Collected data
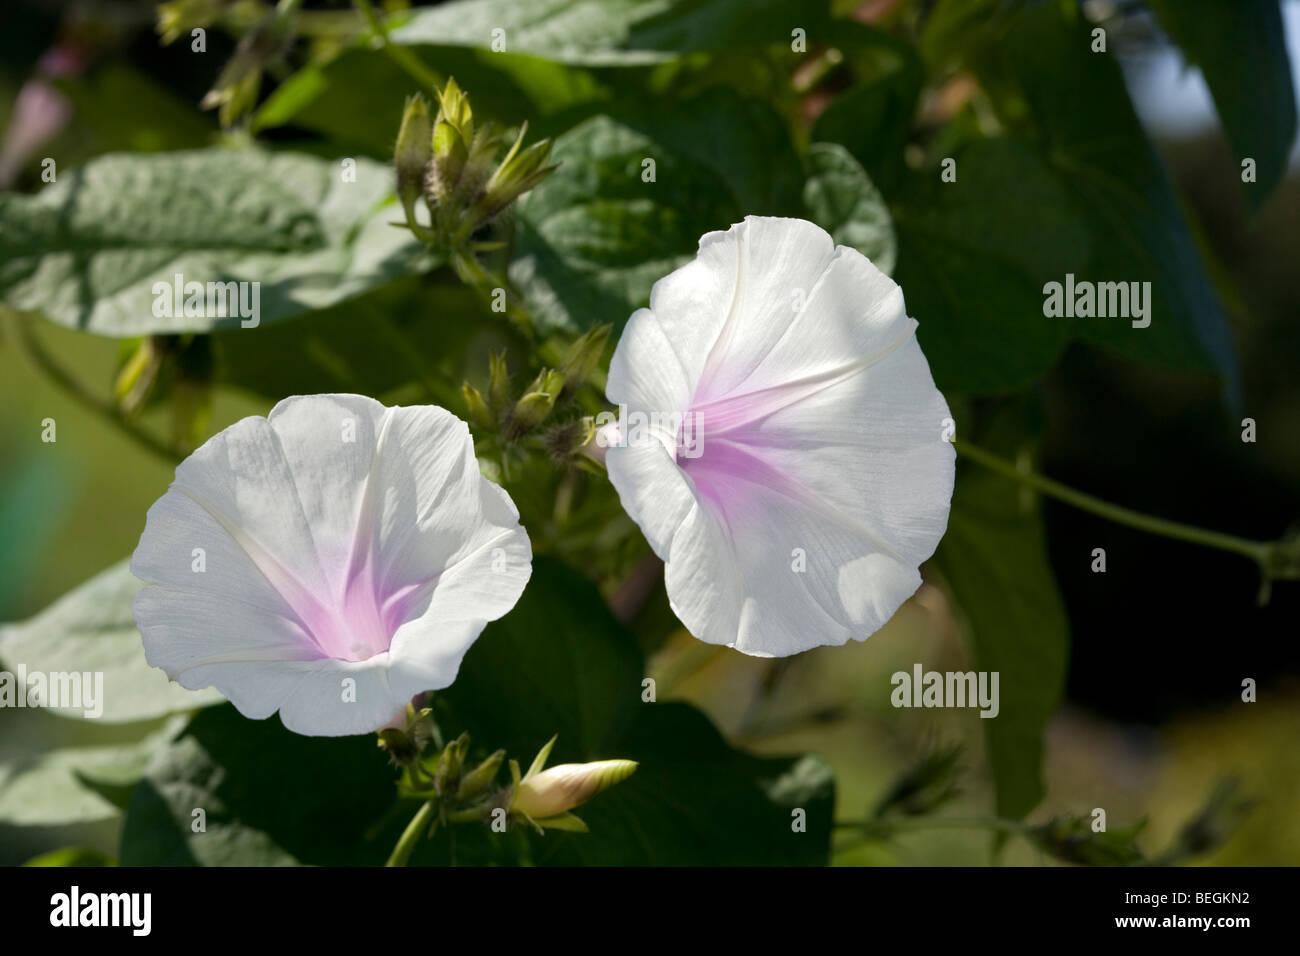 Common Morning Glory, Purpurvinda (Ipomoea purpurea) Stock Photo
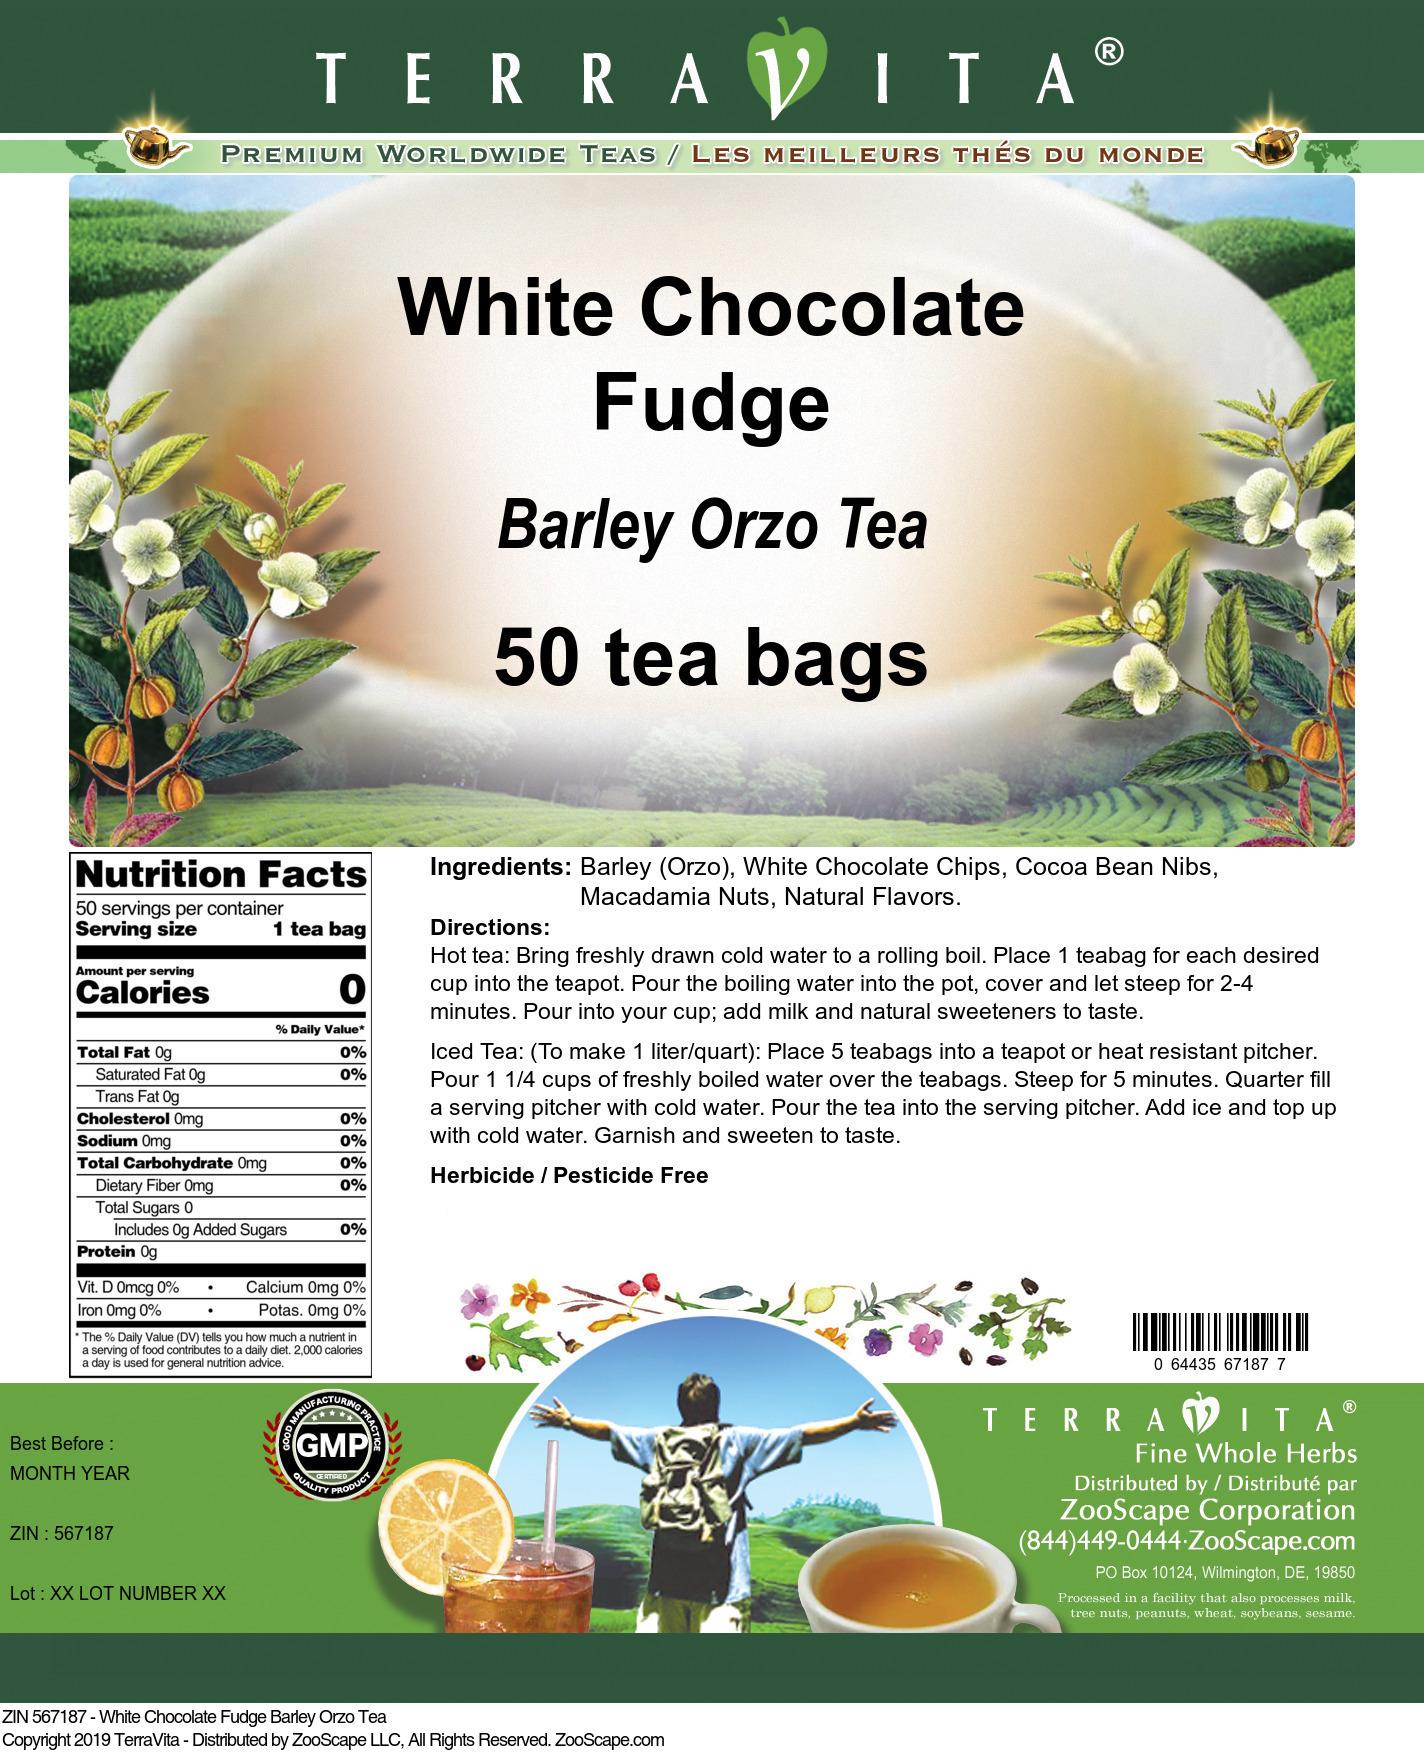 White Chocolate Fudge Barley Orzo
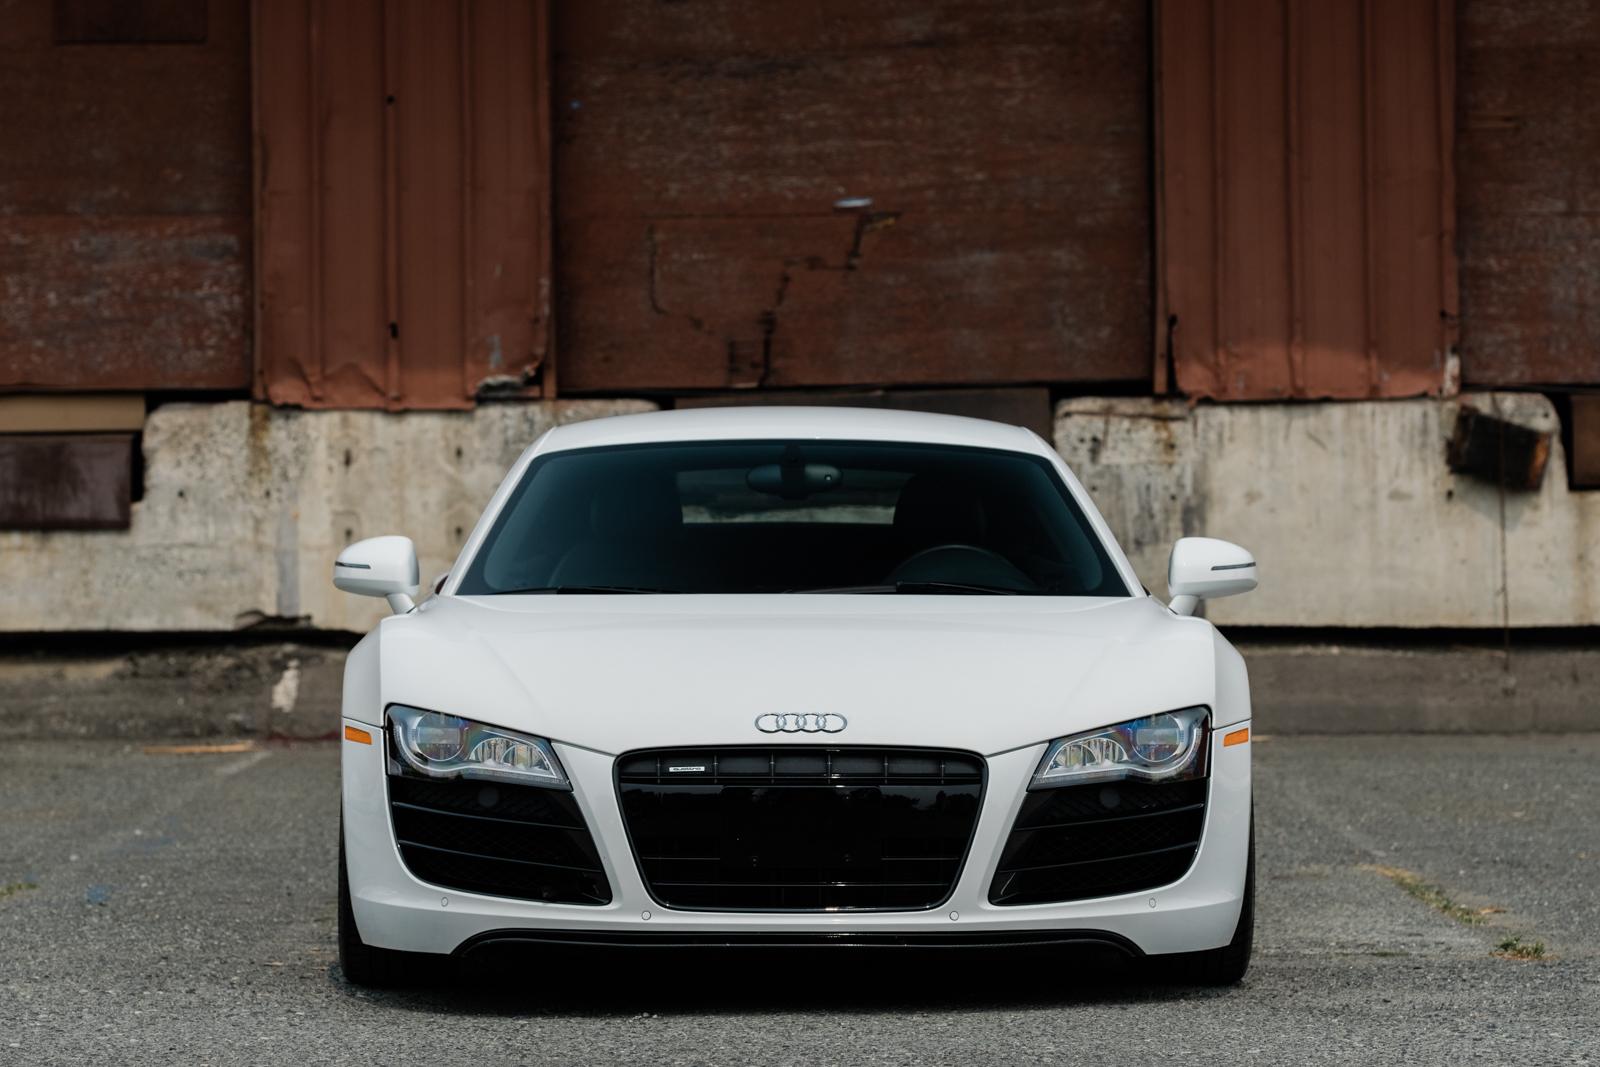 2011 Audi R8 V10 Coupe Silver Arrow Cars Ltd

Task details
Retype verbatim only the lines beginning with the line that contains "White Chocolate Fudge Barley Orzo" and ending with the last line of the listing above; pictures are to be excluded.

Answer below
 White Chocolate Fudge Barley Orzo
 2011 Audi R8 V10 Coupe Silver Arrow Cars Ltd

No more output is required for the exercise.